The most common business in Ongpin is the lucky charms and decors. There is so much jewelry for different purposes depending on form and color. One has to wear a particular bracelet or necklace to attract prosperity and to drive away bad luck. For home decoration, there are red lanterns in various sizes and forms to symbolize wealth and good luck.

Perhaps one of the most exciting parts is to witness the lion dance. This mythical Chinese creature dances gracefully as it is maneuvered by several dancers. They perform lion dances from one shop to another for an opportunity to receive angpao or the red envelope with money. They have never failed to entertain the business owners in a presentation that is well-rehearsed and choreographed.

There is also a dragon dance, but it is quite long and carried by several dancers. Like the lion dance, it is also a powerful mythical creature in Chinese culture. It is to spare negativity in business, the house, and the environment. Both dance presentations are seen throughout the new year's celebration in Binondo, particularly in Ongpin. It is colorful, entertaining, and attracts a crowd.

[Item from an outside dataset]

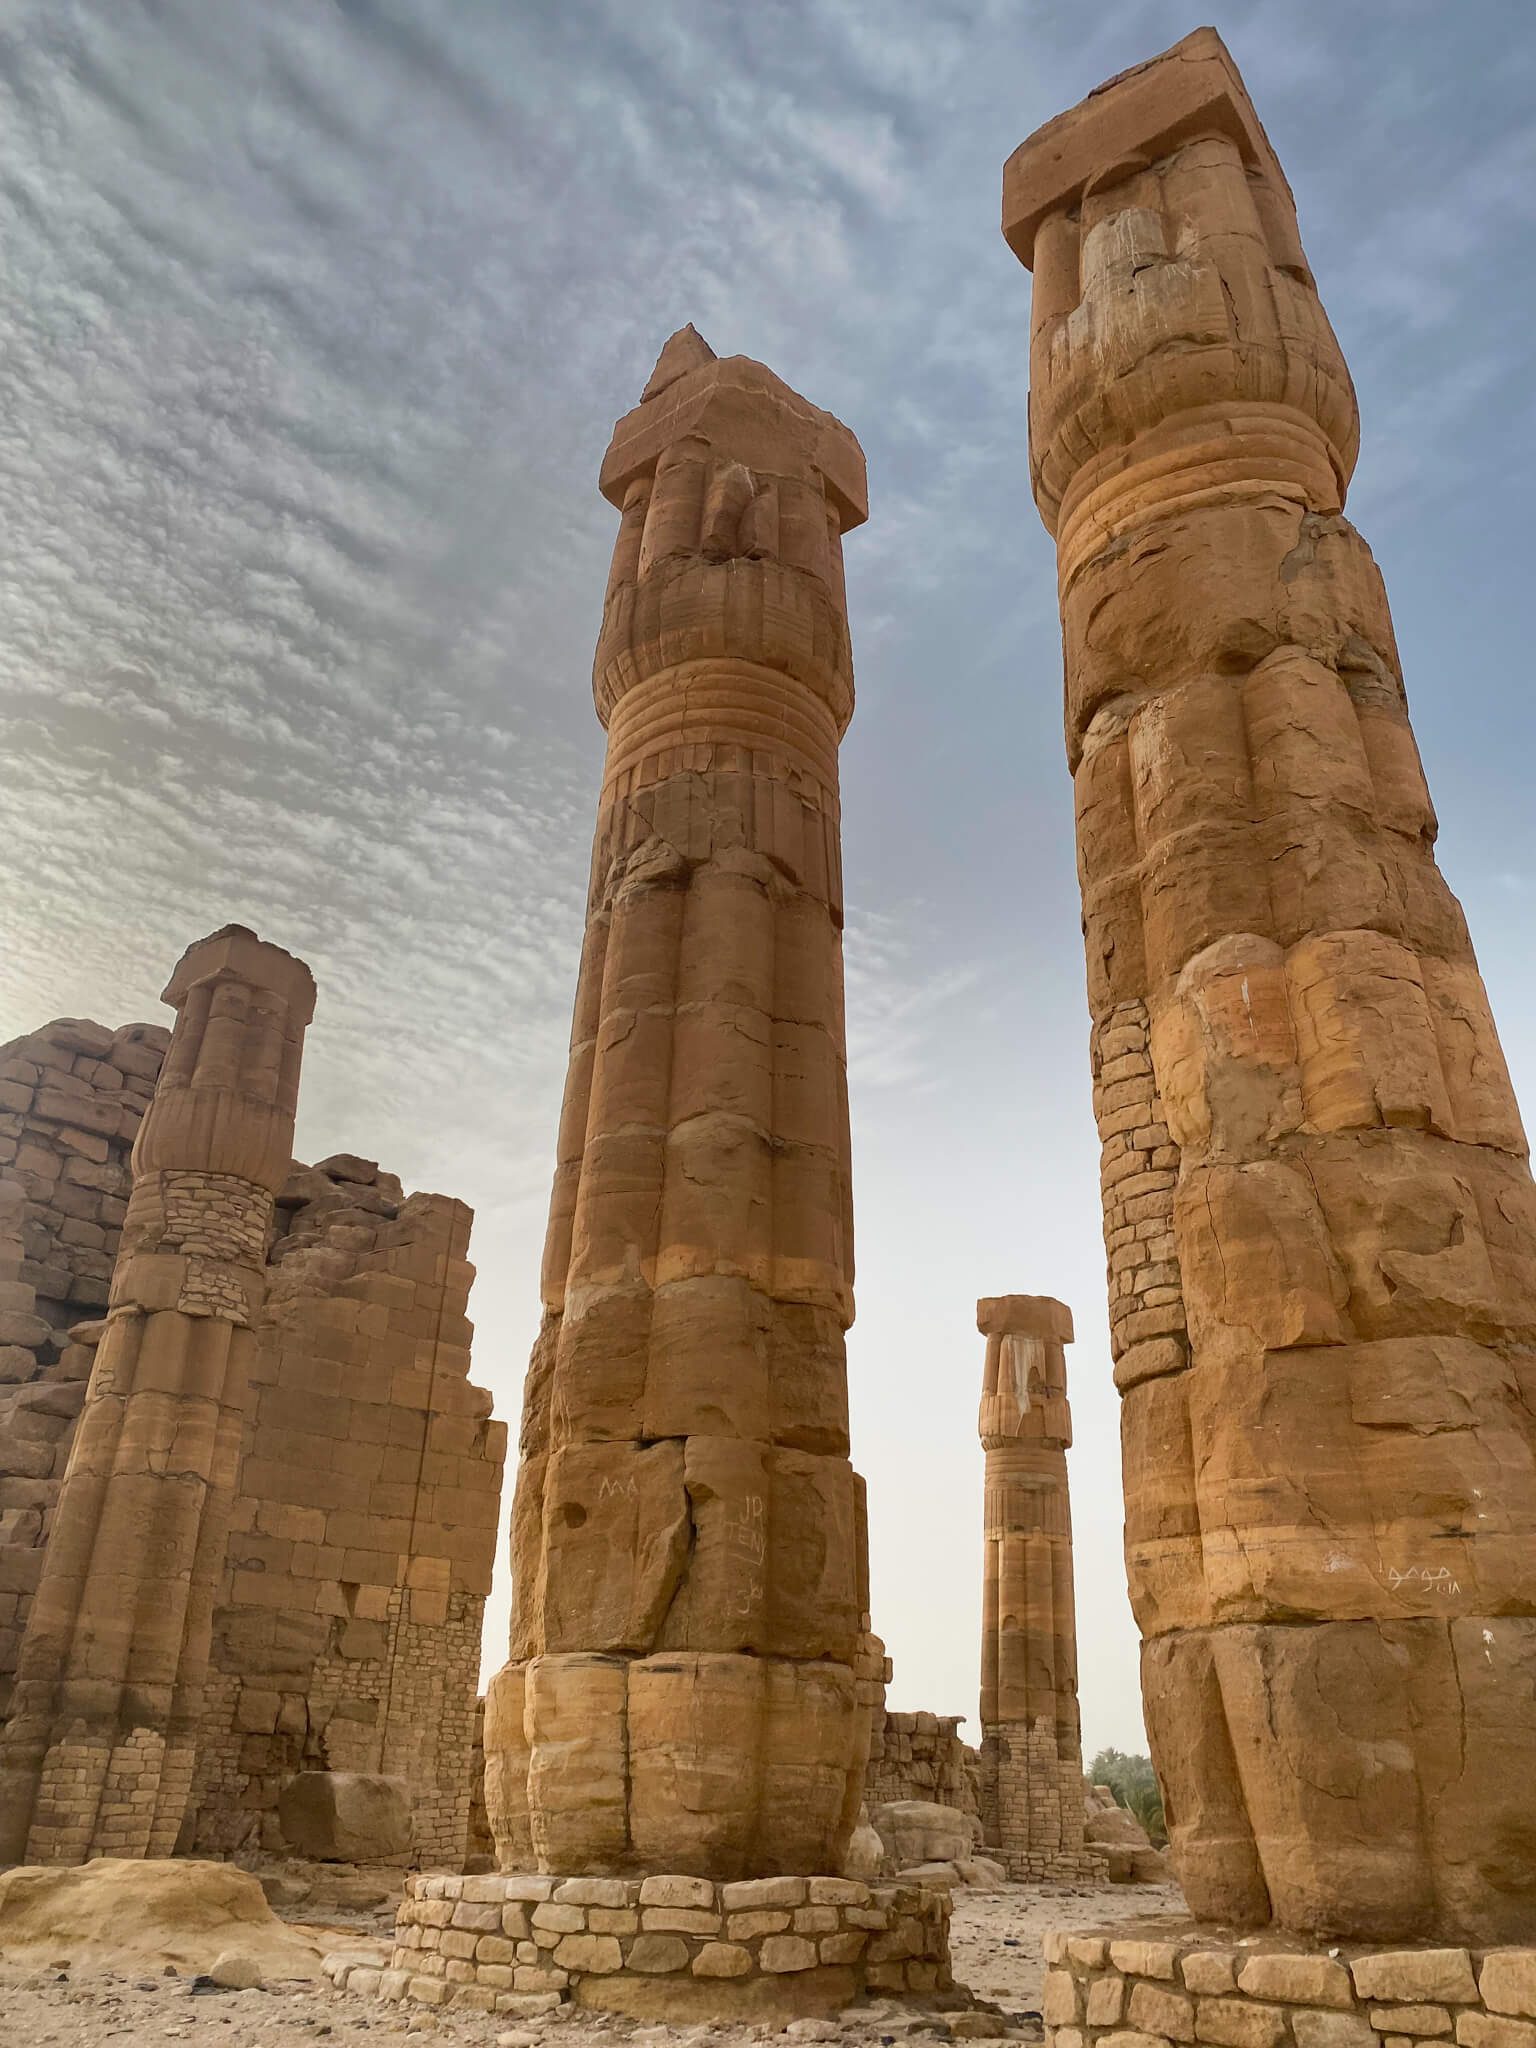 Huge pillars towering into the sky.

In a traditional Chinese family, 'angpao' is given to the unmarried and usually children. The little kids fall in line and patiently wait for their turn to receive 'angpao' from the elderly or their grandparents. They are expected to greet the happy new year in the Chinese language as they receive it, but they are not supposed to open the red envelop until they ran away from the giver.

In The Chinese new year, there are several ways of greetings; in a language known to them. Whether you hear the greetings 'Kung Hei Fat Choi', 'Gong Xi Fa Chai', or 'Kiong He Huat Tsai', it is an all valid form of new year greetings. It does not literally mean 'Happy new year' but it means congratulating and wishing someone for prosperity. 

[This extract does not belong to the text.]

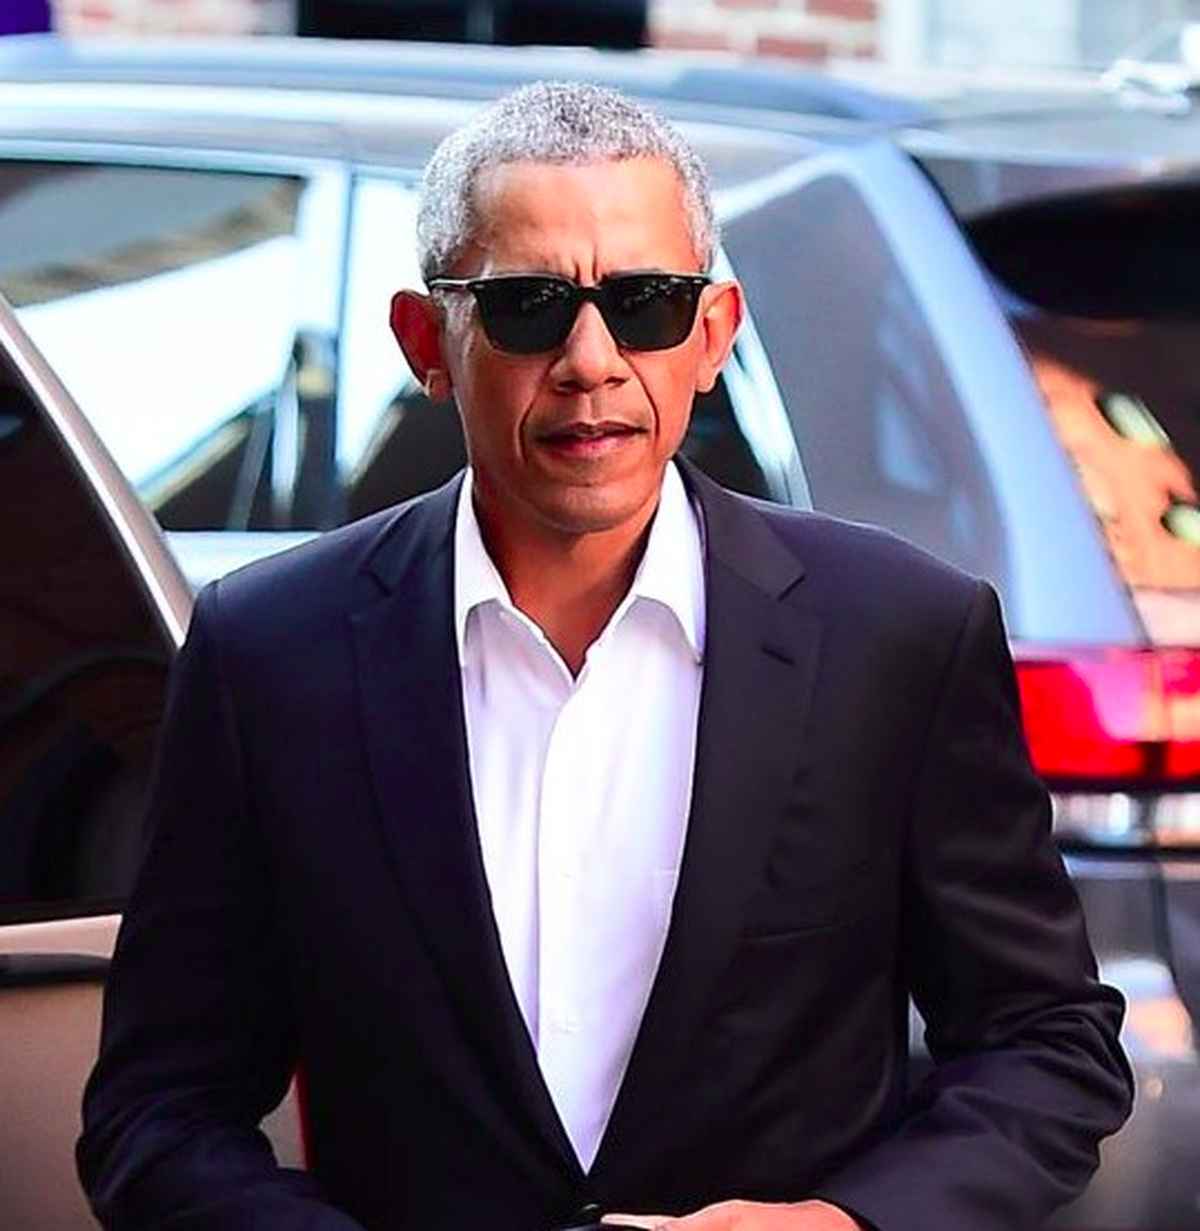 Portrait of President Barack Obama sporting his favorite sunglasses

Giant red lanterns are legendary Chinese handicraft that symbolizes good luck

In the Philippines, the common greetings are 'Kung Hei Fat Choi' and it has been made standard greetings in media and other printed publications. It is a Cantonese greeting, usually spoken in Hong Kong and Macau, but the 'Tsinoys' speaks 'Hokkien' and prefers the greetings 'Kiong Hee Huat Tsai'. However, no matter what language or dialect is spoken for greetings, there is a spirit of understanding and it sends a single message of 'Happy New Year!'.

The Chinatown, mall is where I have witnessed cultural presentations from different groups. They have presented charming Chinese folk dances, the melodic choral, and the exhibitions of Chinese martial arts like 'Wushu' and Tai Chi'. There is also some modern Chinese hip hop that captures the attention of the younger generations. It is a day-long event until the countdown for the new year is observed and fireworks are witnessed to lighten up the evening. 

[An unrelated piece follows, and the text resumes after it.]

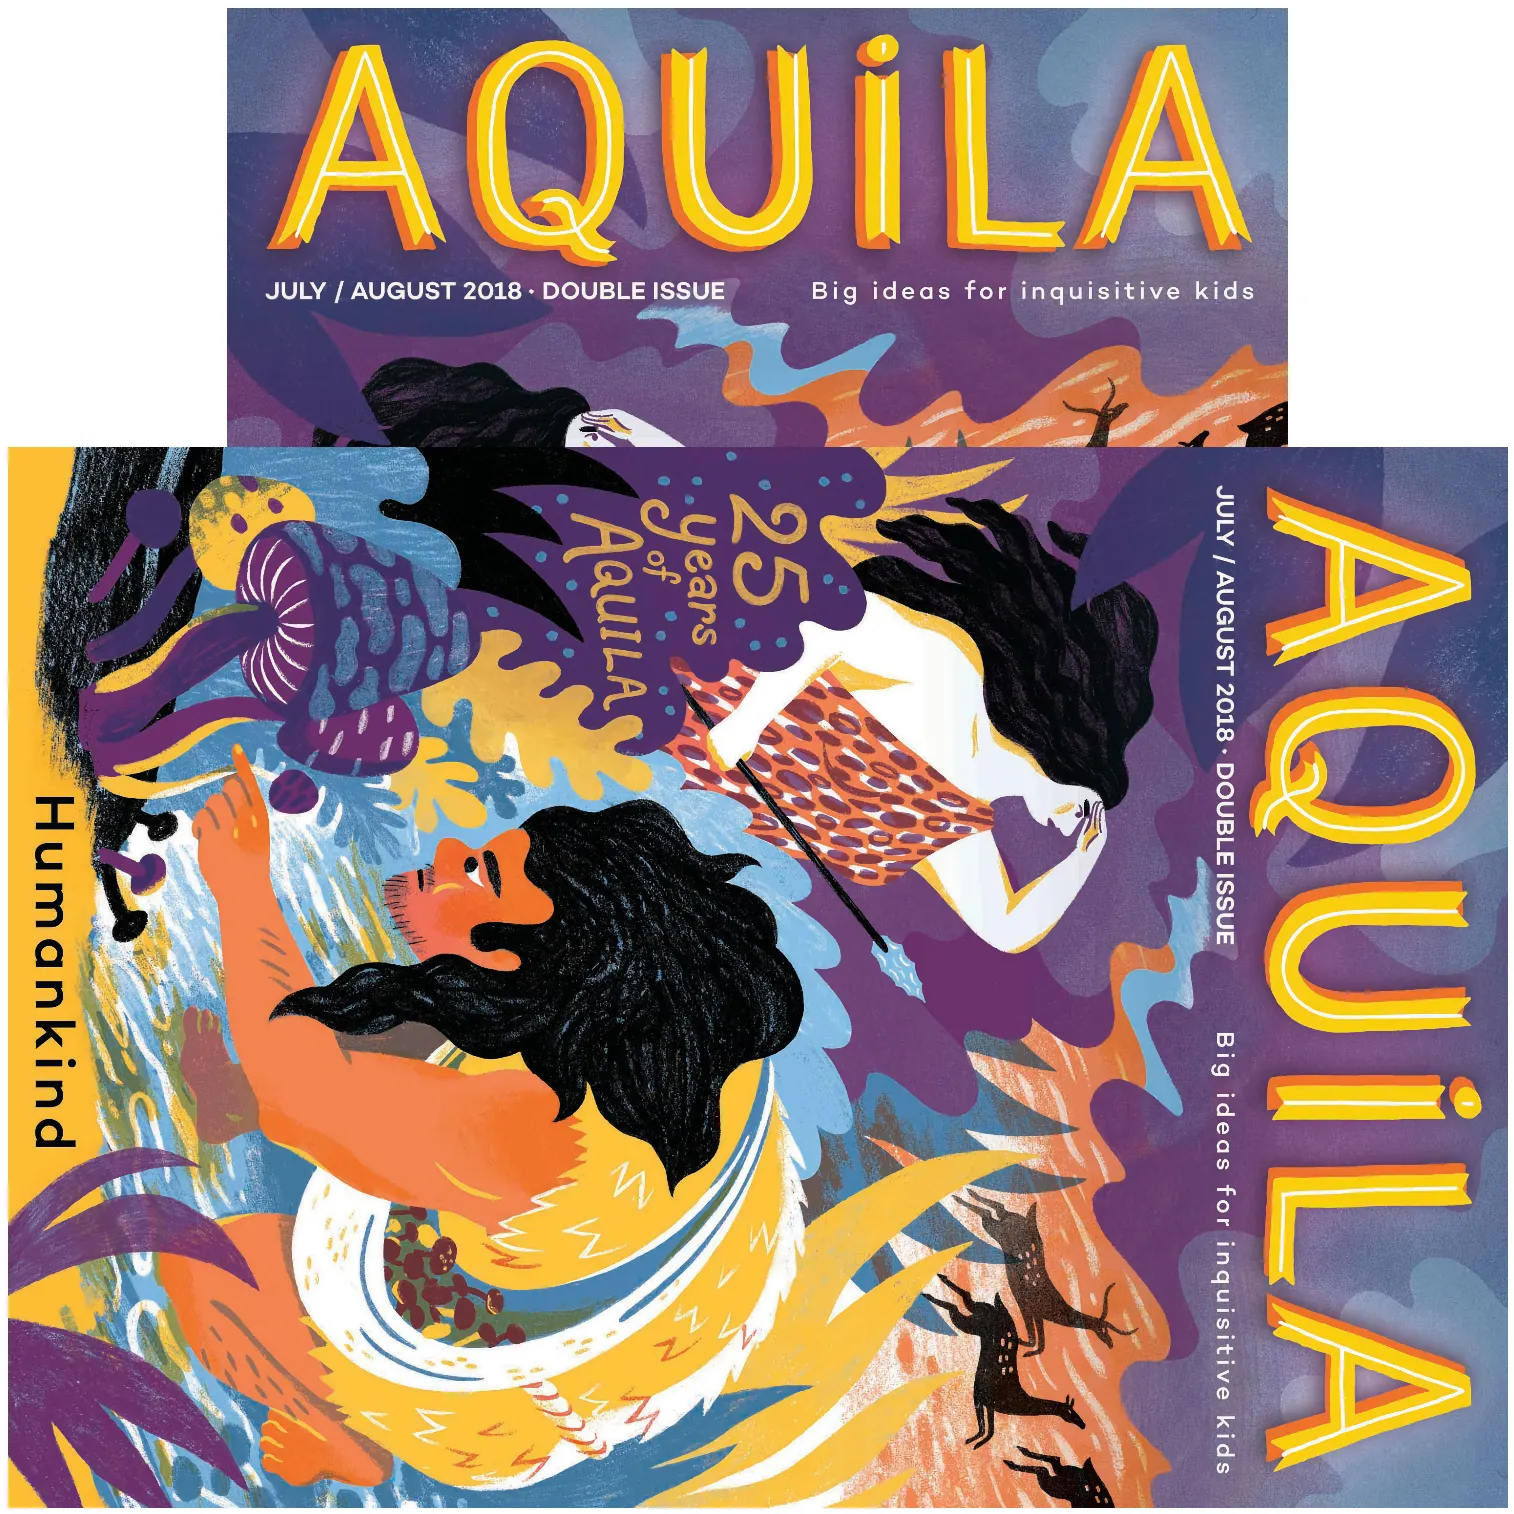 Free AQUILA Summer Double Issue magazine

The Chinese people love to preserve their heritage and they have a greater influence on culture, food, social norms, and beliefs. In the Philippines, people are familiar with the 'Feng Shui" and this is attributed to good luck, happiness, and prosperity in businesses and houses. There is also the 'horoscope' where people consult their luck or destiny on a particular day, month or year depending on the zodiac sign and animal sign you were born. Also, Filipinos are fond of eating noodles and soups brought by the Chinese since a long time ago.

Although the world constantly evolves and the culture of peace and freedom is changing, there are so many things we should learn from the Chinese. Perseverance and endurance at work accompanied by humility and gratitude are what made them achieve success in the family, career, and life in general. 

The Chinese culture has its own uniqueness and their customs being extraordinary makes us multi-cultured people. Our beliefs should not be restricted to what has been instilled since birth. Open-mindedness and acceptance in faith and cultural differences bring a peaceful and vibrant living. We learn from each other and the wisdom gained is what truly brings good luck and prosperity in our lives no matter who and what we are; and no matter who we will become.